Hay
días que nunca quisiéramos haber vivido; pruebas que parecen haber sido
impuestas por un Dios malévolo que disfruta de nuestro sufrimiento, o
simplemente solemos “exagerar la nota”, y terminamos por hacer que la orquesta
entera pierda el “compás”, cuando en realidad los sucesos adversos no suelen
ser tan “importantes”.
Hace unas semanas tuve un día que
jamás me hubiese gustado experimentar, pero que al mismo tiempo me dejó una
gran enseñanza. Después de cinco años en una relación que jamás pensé que terminaría,
vi naufragar mis expectativas en un océano de mentiras, resumido en un beso
apasionado entre ella, la mujer de mi vida, y su amante.
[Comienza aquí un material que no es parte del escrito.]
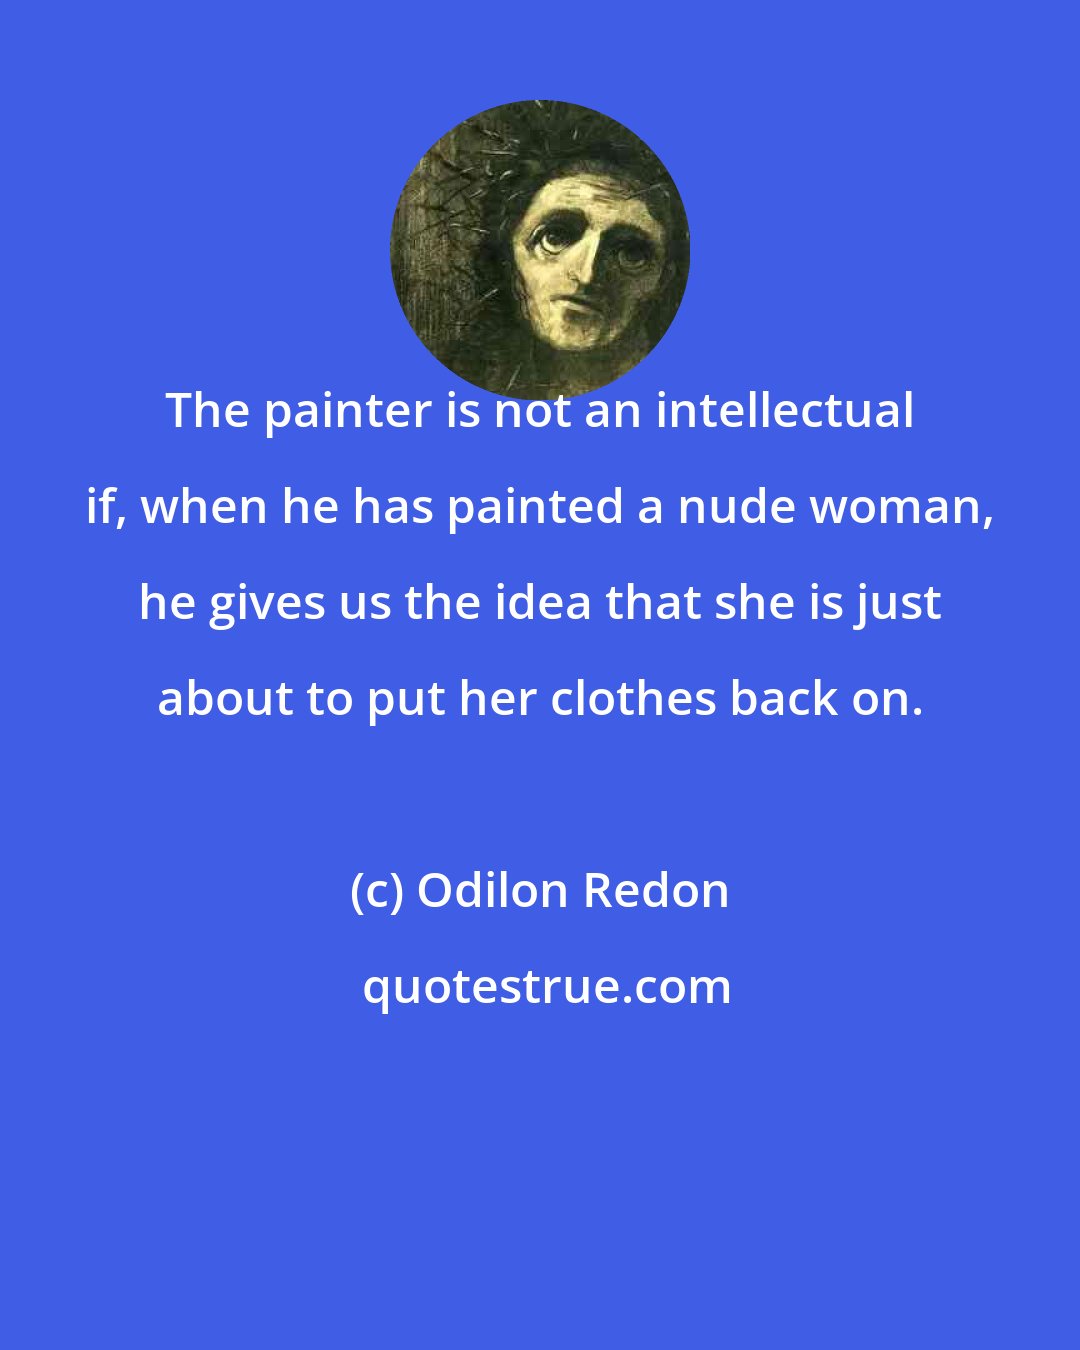 Odilon Redon: The painter is not an intellectual if, when he has painted a nude woman, he gives us the idea that she is just about to put her clothes back on.

No dejé que me
explicara nada, no era necesario, pese a que mentalmente trataba de buscar una
razón que le diera sentido a ese suceso; desde un momento de debilidad, un
malentendido, hasta hipnosis. Justificaciones que caían como bólidos ante su
recuerdo; frágil y hermosa, derritiéndose entre los brazos de aquel
desconocido.
El mundo se me vino abajo, incluso
ese día ni siquiera fui a trabajar, no tenía caso, ya que el motor que mantenía
en marcha mi existencia se había detenido. Mi vida carecía de sentido y la
oscuridad se apoderó de un mundo de proyectos que había edificado a su lado.
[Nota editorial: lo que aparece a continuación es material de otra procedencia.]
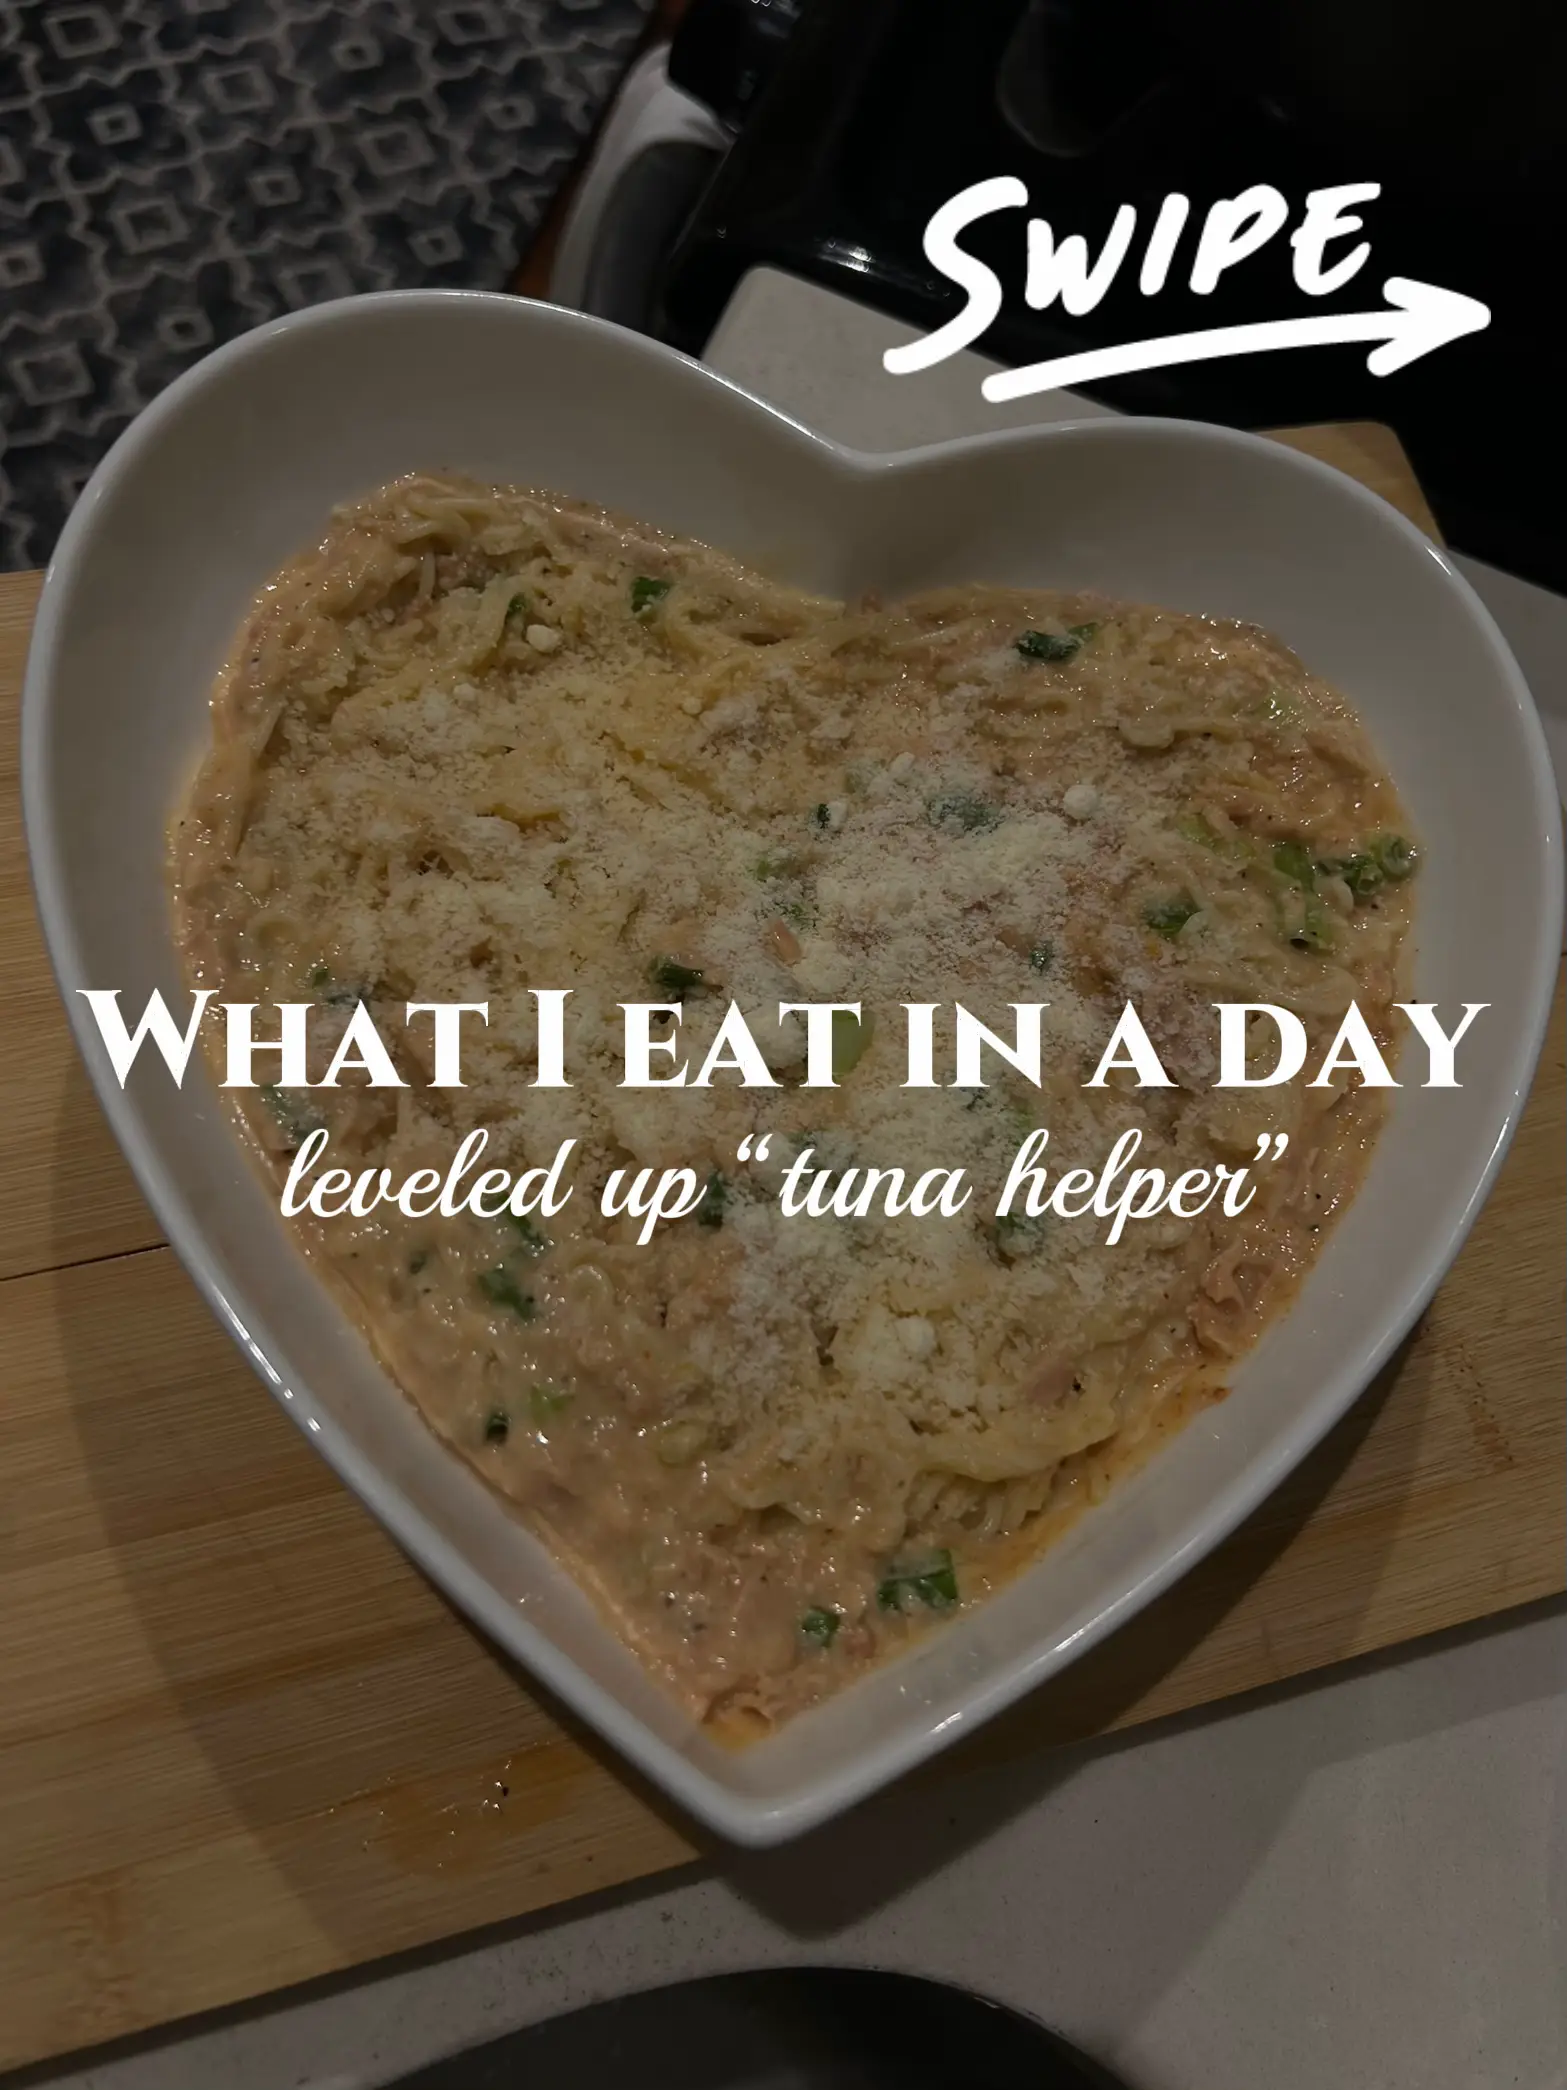 #Whatieatinaday: Leveled Up ‘Tuna Helper’'s images

Sólo quedaba el silencio y las huellas de mis pisadas grabadas en un mar de
cenizas.
Caminé por horas, vagué sin destino,
como si quisiera desaparecer del mundo, o incluso de mí mismo. Hasta que el
azar me llevó hasta el metro. Sin pensarlo, empecé a bajar las escaleras de la
estación, sumido en mi miseria y con ganas de terminar con todo de una maldita
vez, quizás entre las mismas vías. Entonces una sombra llamó mi atención y me
obligó a detener mis pasos. Un globo se había escapado de las manos de un
pequeño, de no más de cinco años. El niño trató de brincar lo más alto que
pudo, sin alcanzar su objetivo. Luego bajó la mirada, como lamentando el hecho,
no sé, tal vez incluso se culpó por haber soltado el hilo. Después miró una vez
más al elusivo fugitivo, que se alejaba cada vez más de
su alcance, sonrió para sí mismo y en su media lengua dijo: “Adiósh gobo,
adiósh”.
El pequeño maestro había “hablado” y ese día aprendí la
lección más importante de mi vida, hasta el día de hoy.